• **Instructions to follow**
Your task is to copy the listing exactly, with the pictures left out.

• **Stored data**
◆ ◆ ◆ ◆ ◆ ◆ ◆

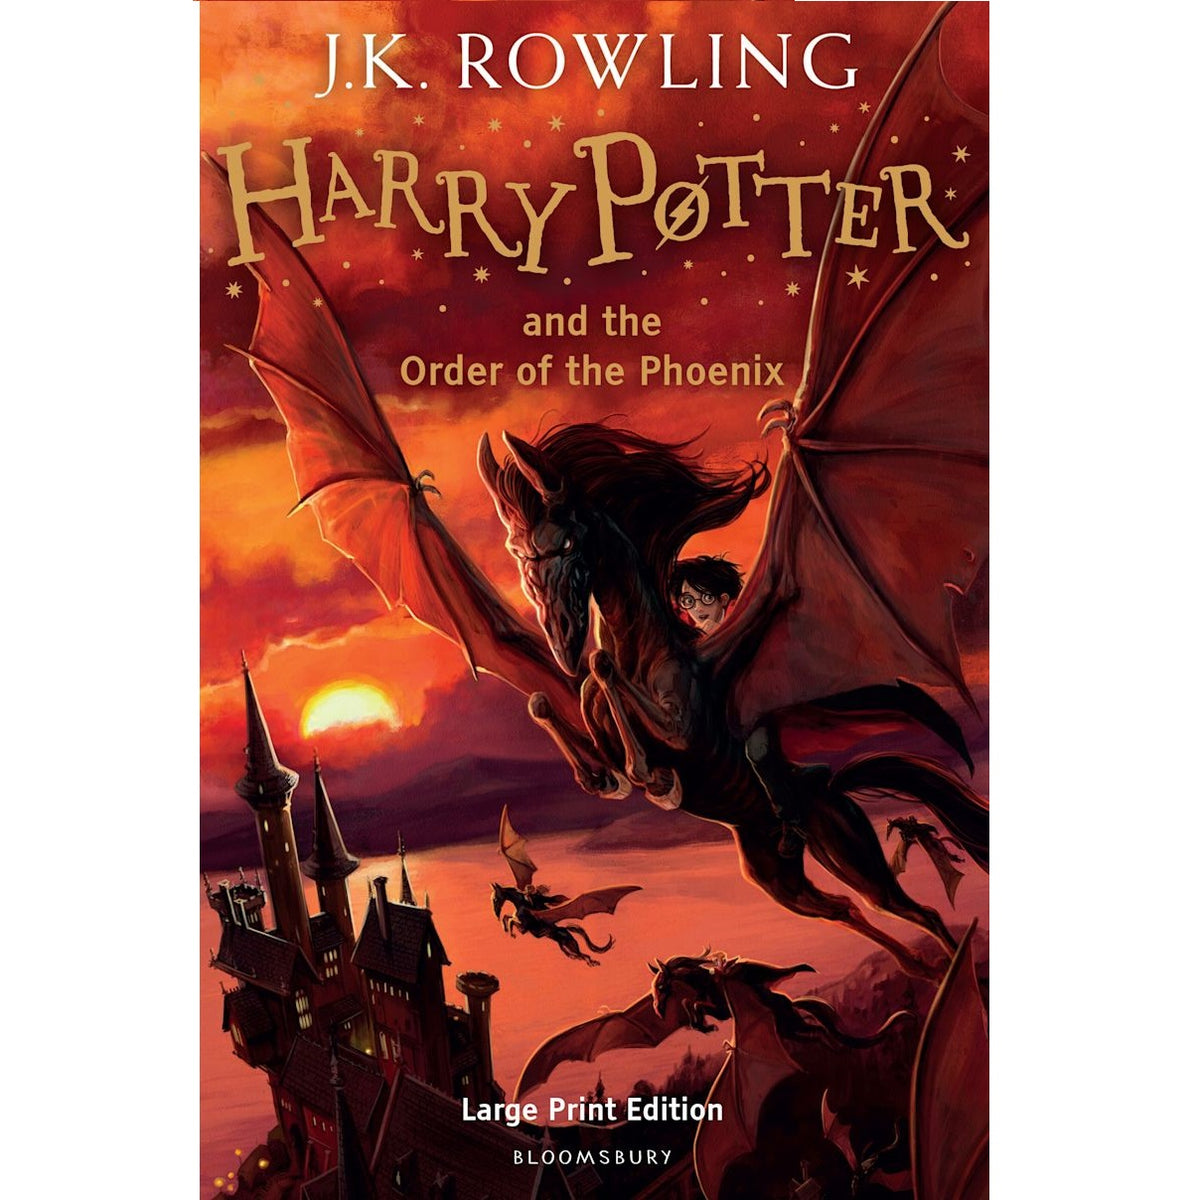 Harry Potter And The Order Of The Phoenix #5 (by J.K. Rowling) J.K. Rowling
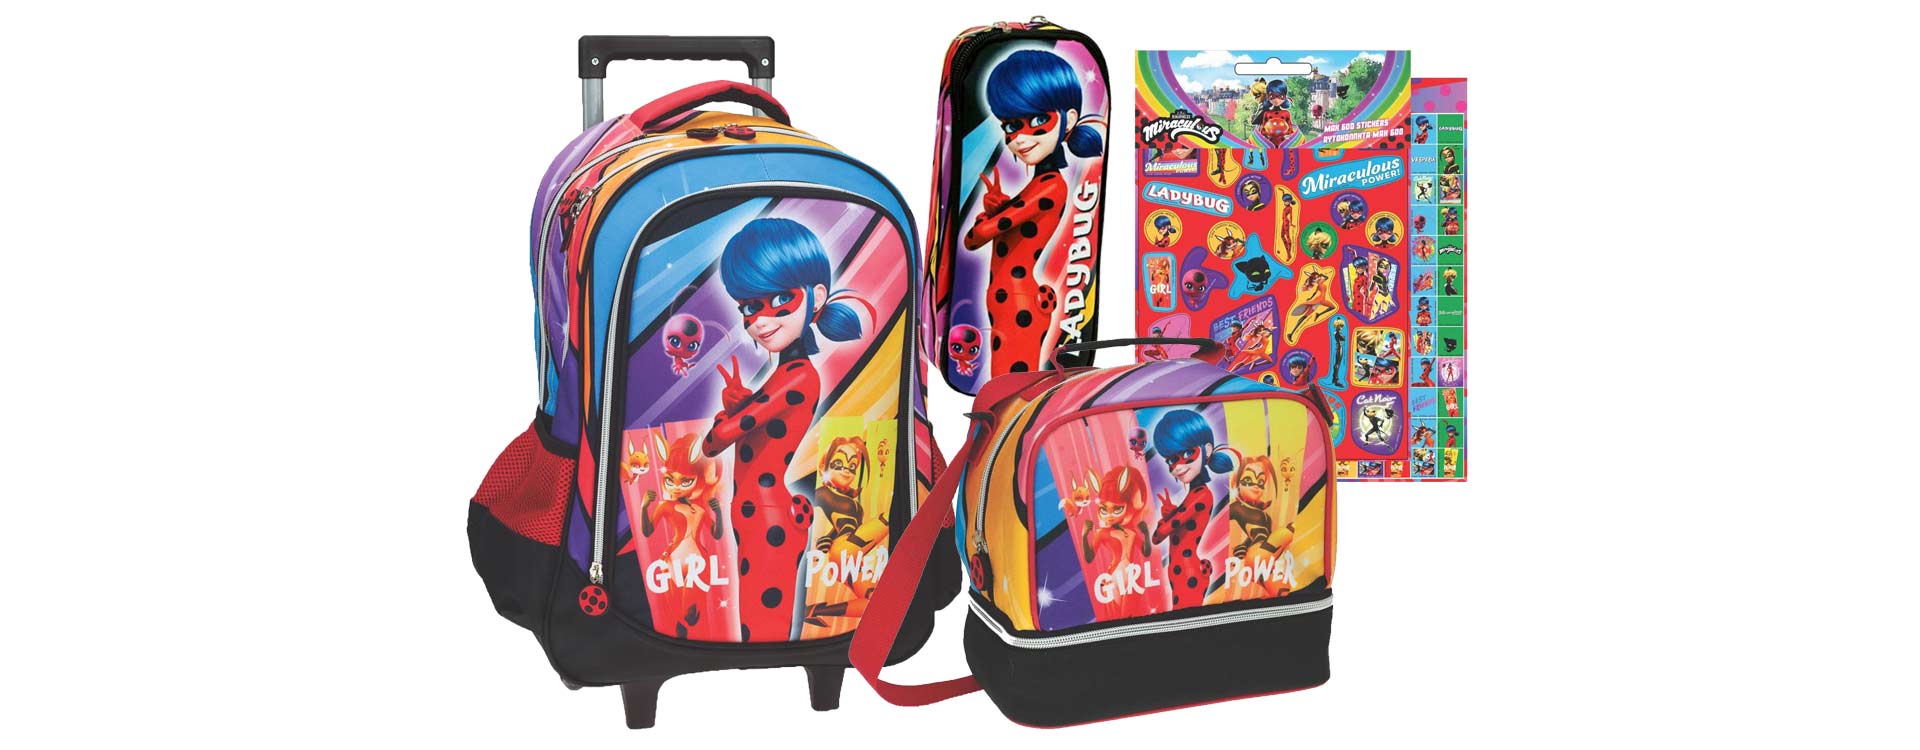 collection scolaire ladybug miraculous
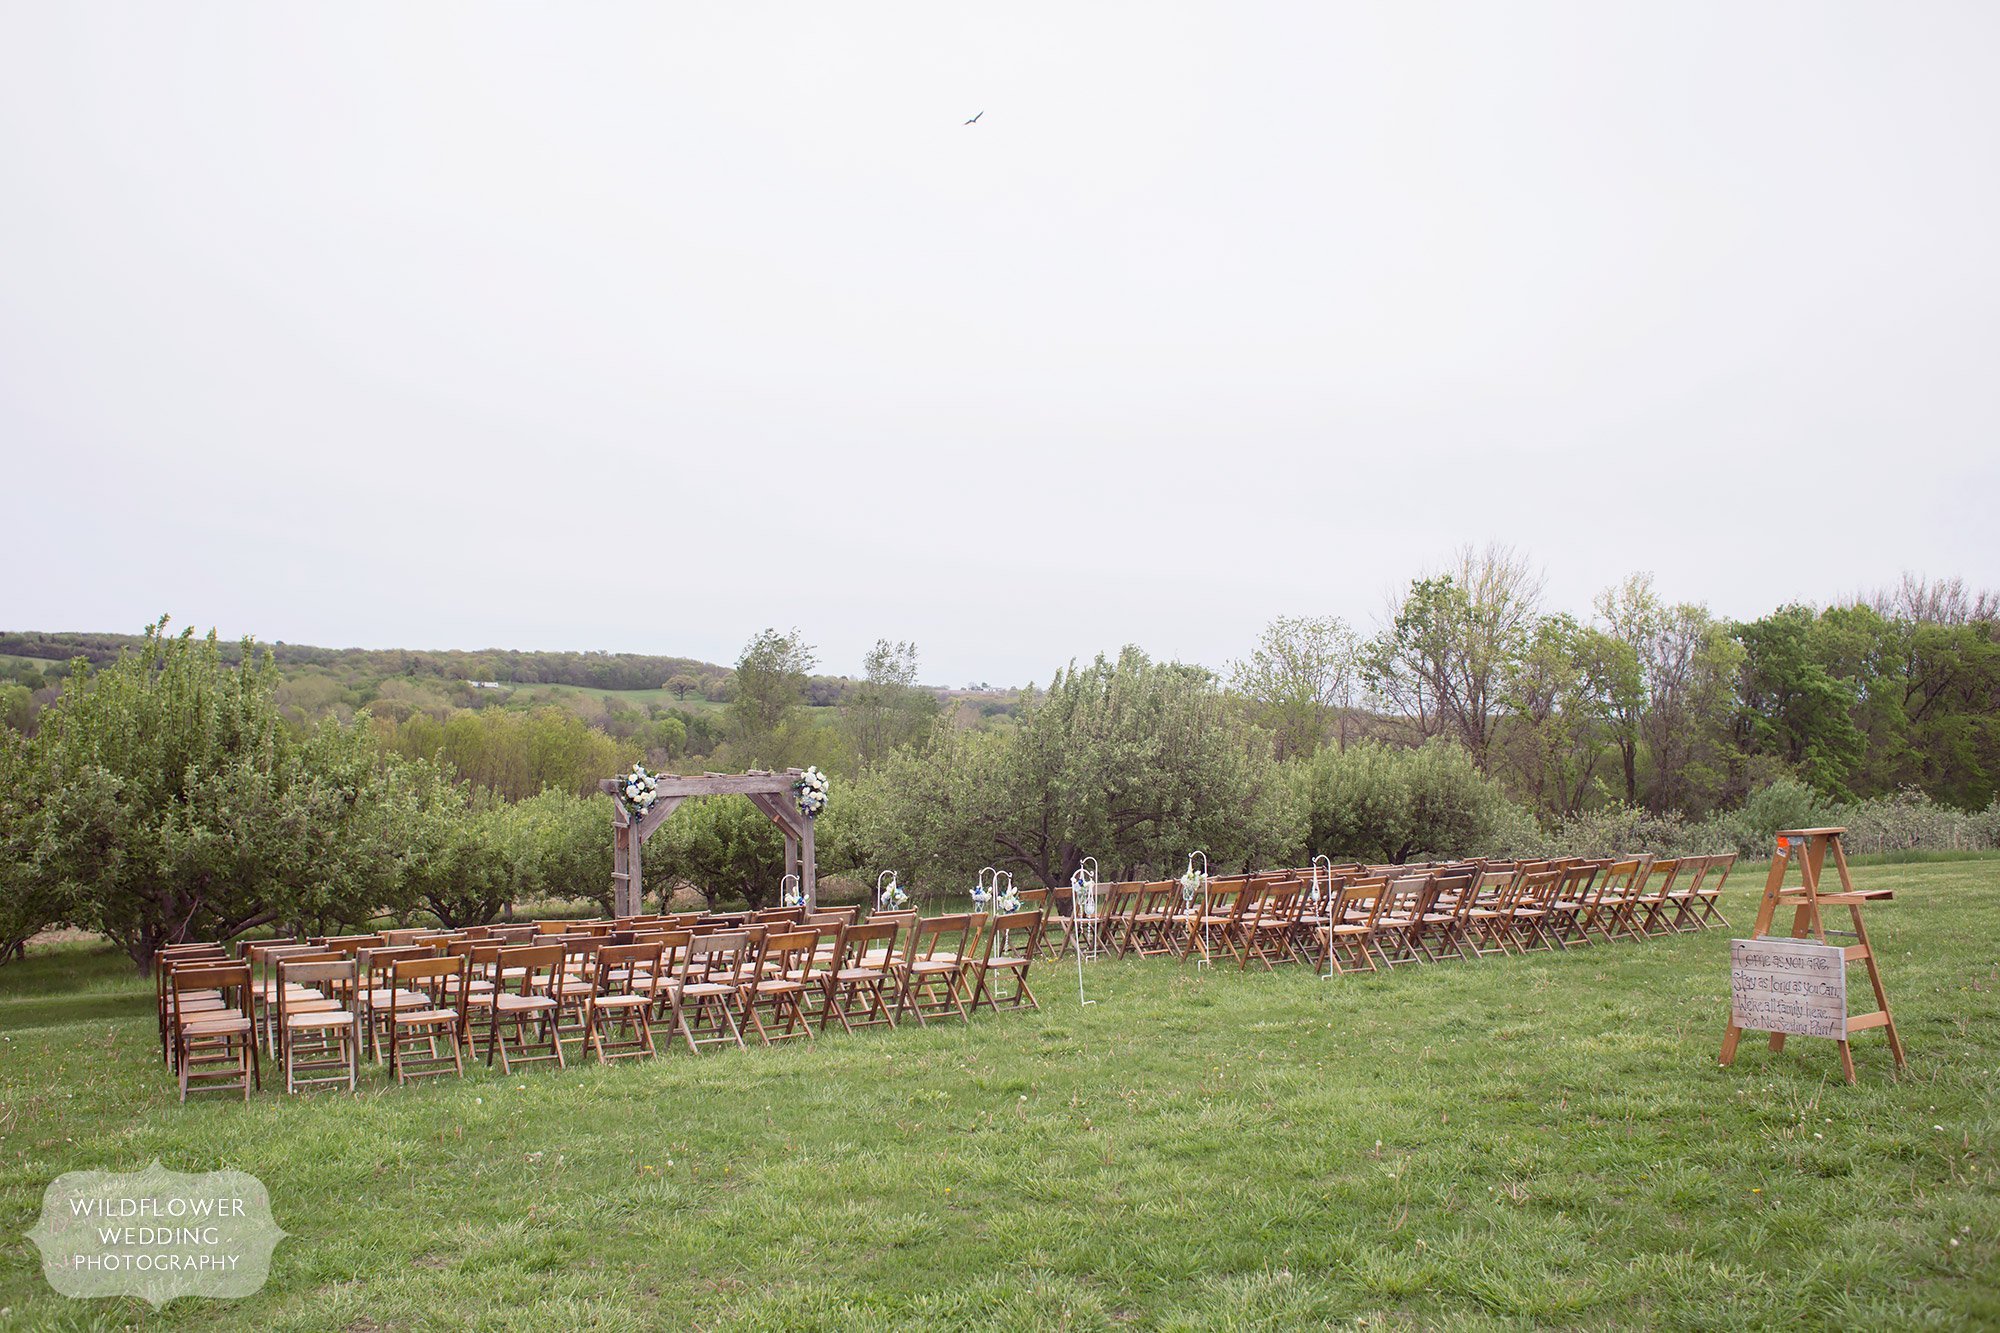 Scenic outdoor location for a wedding ceremony set in the apple orchard at the Weston Red Barn Farm.
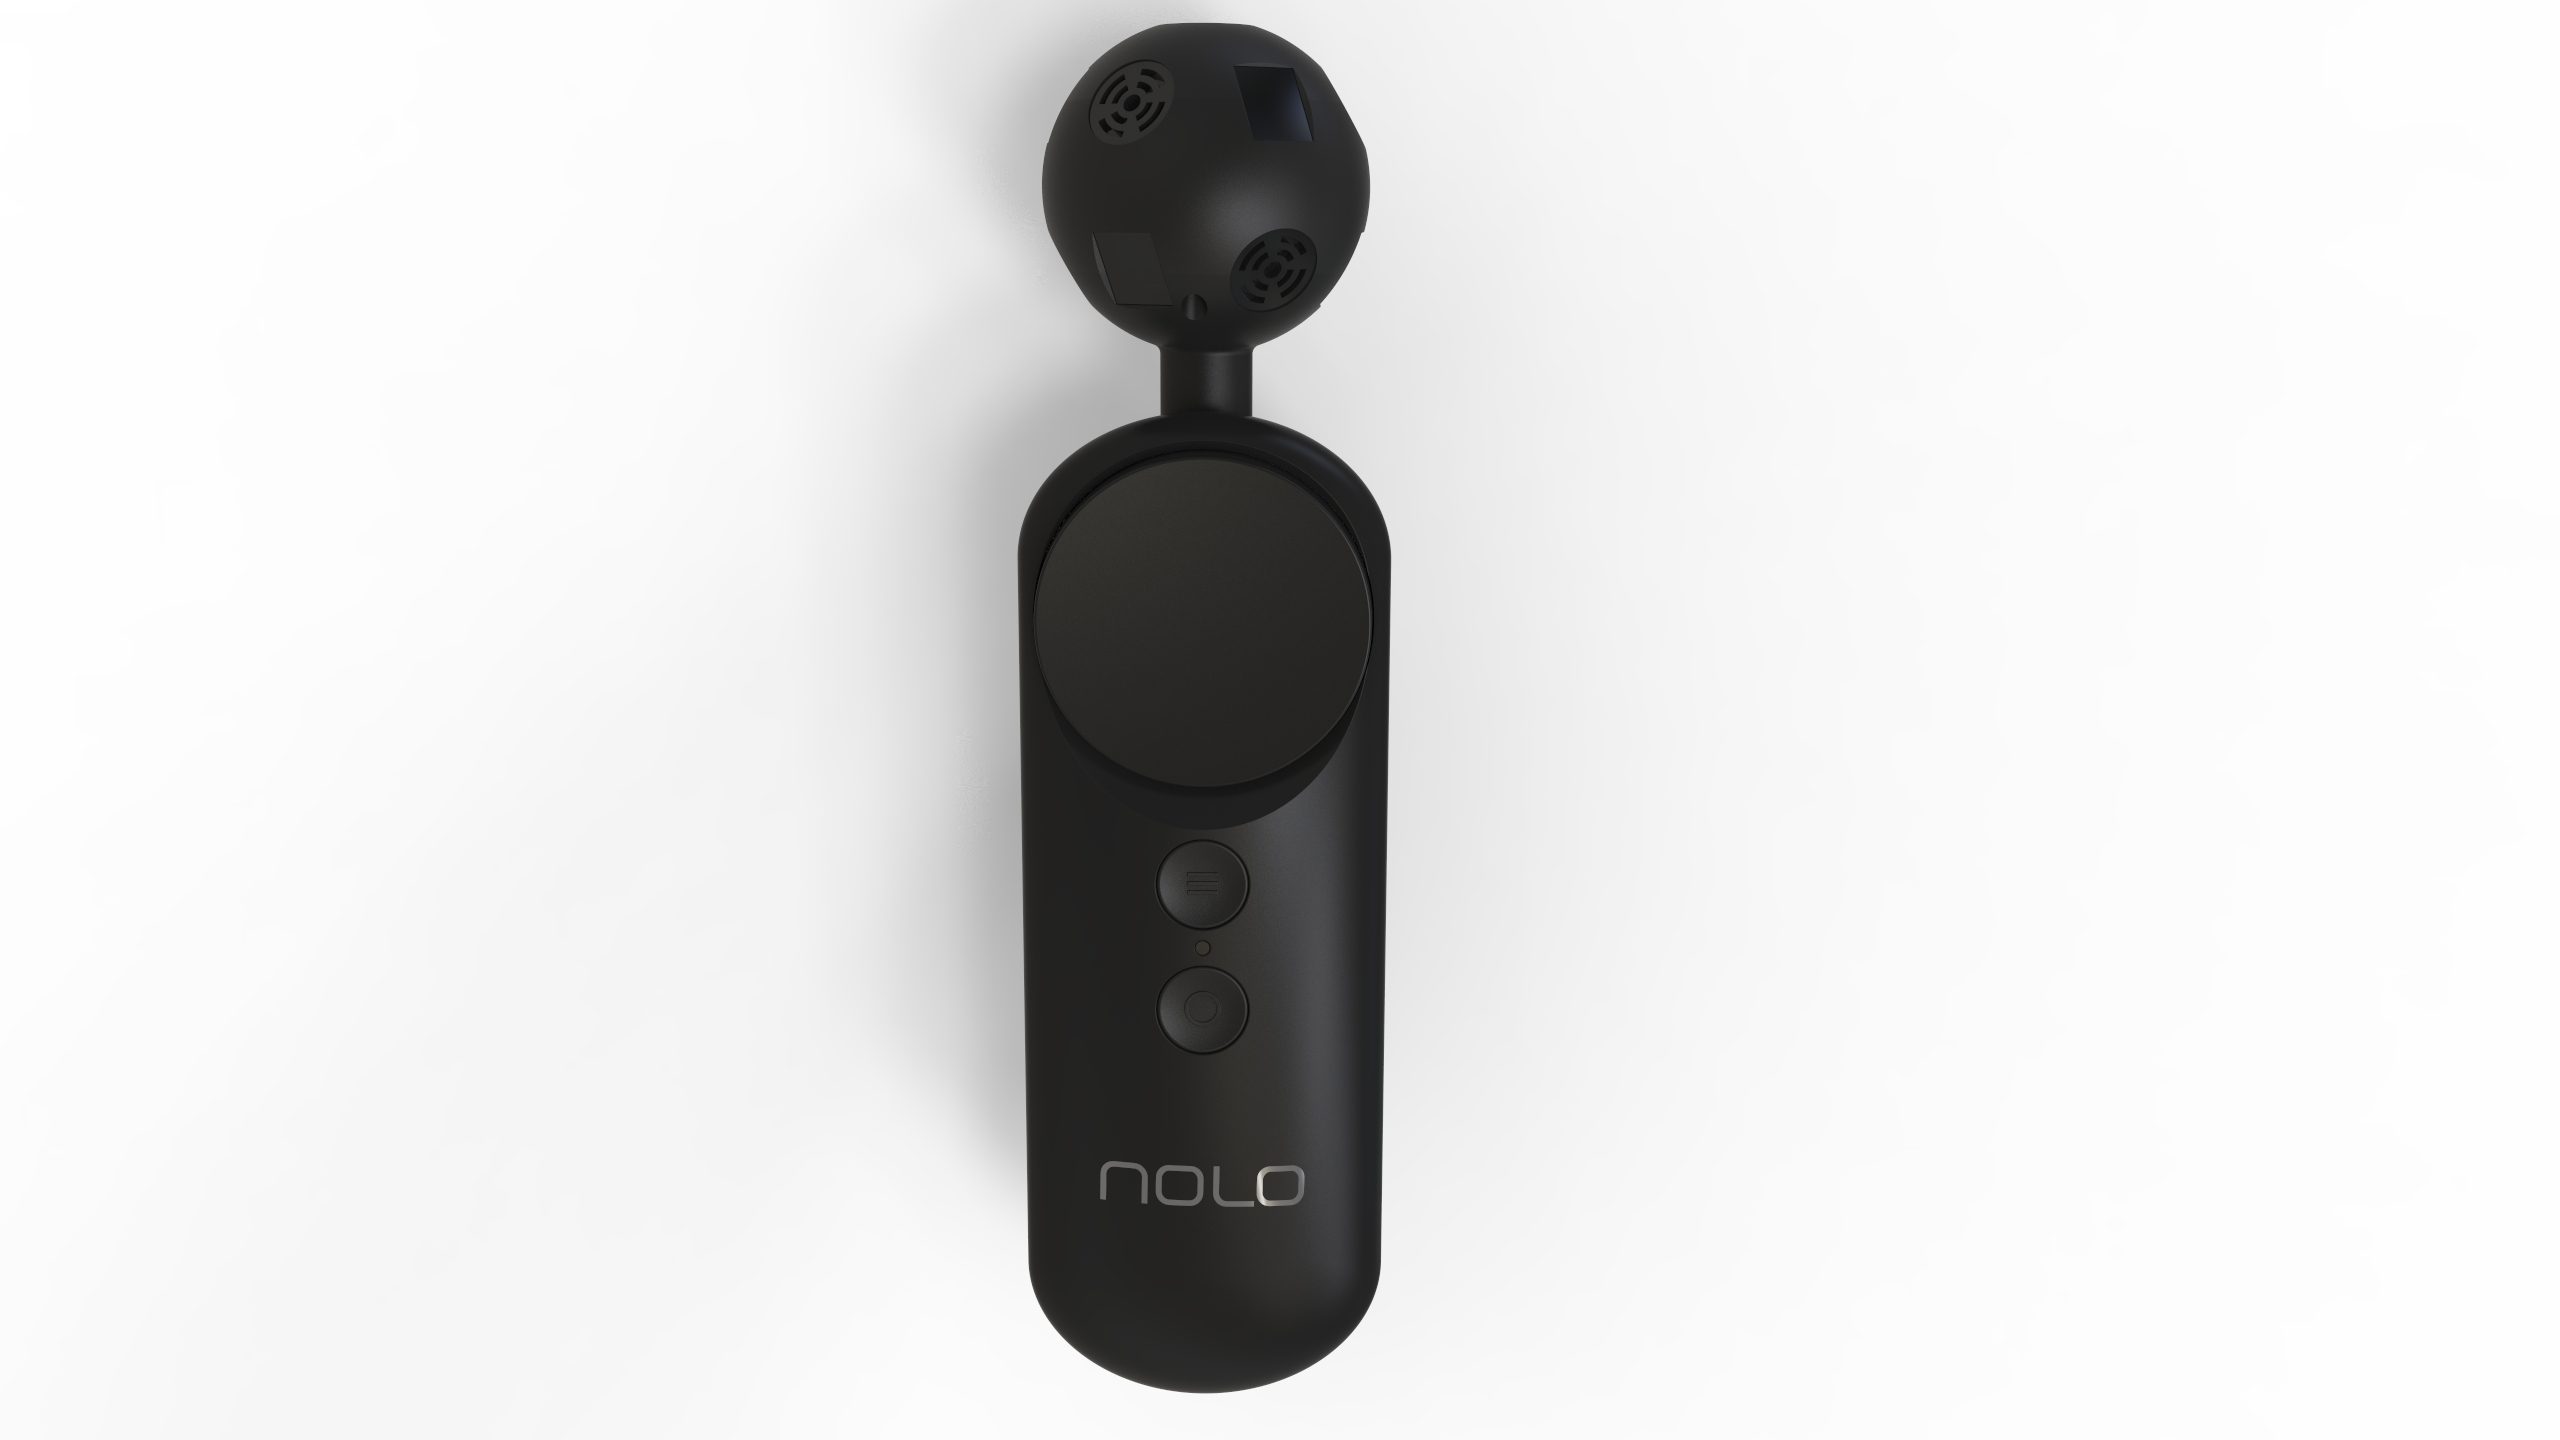 NOLO VR Promises $99 Positional Tracking and SteamVR Gaming on Any

◆ ◆ ◆ ◆ ◆ ◆ ◆

• **Completed exercise**
 Harry Potter And The Order Of The Phoenix #5 (by J.K. Rowling) J.K. Rowling
 collection scolaire ladybug miraculous
 Scenic outdoor location for a wedding ceremony set in the apple orchard at the Weston Red Barn Farm.
 NOLO VR Promises $99 Positional Tracking and SteamVR Gaming on Any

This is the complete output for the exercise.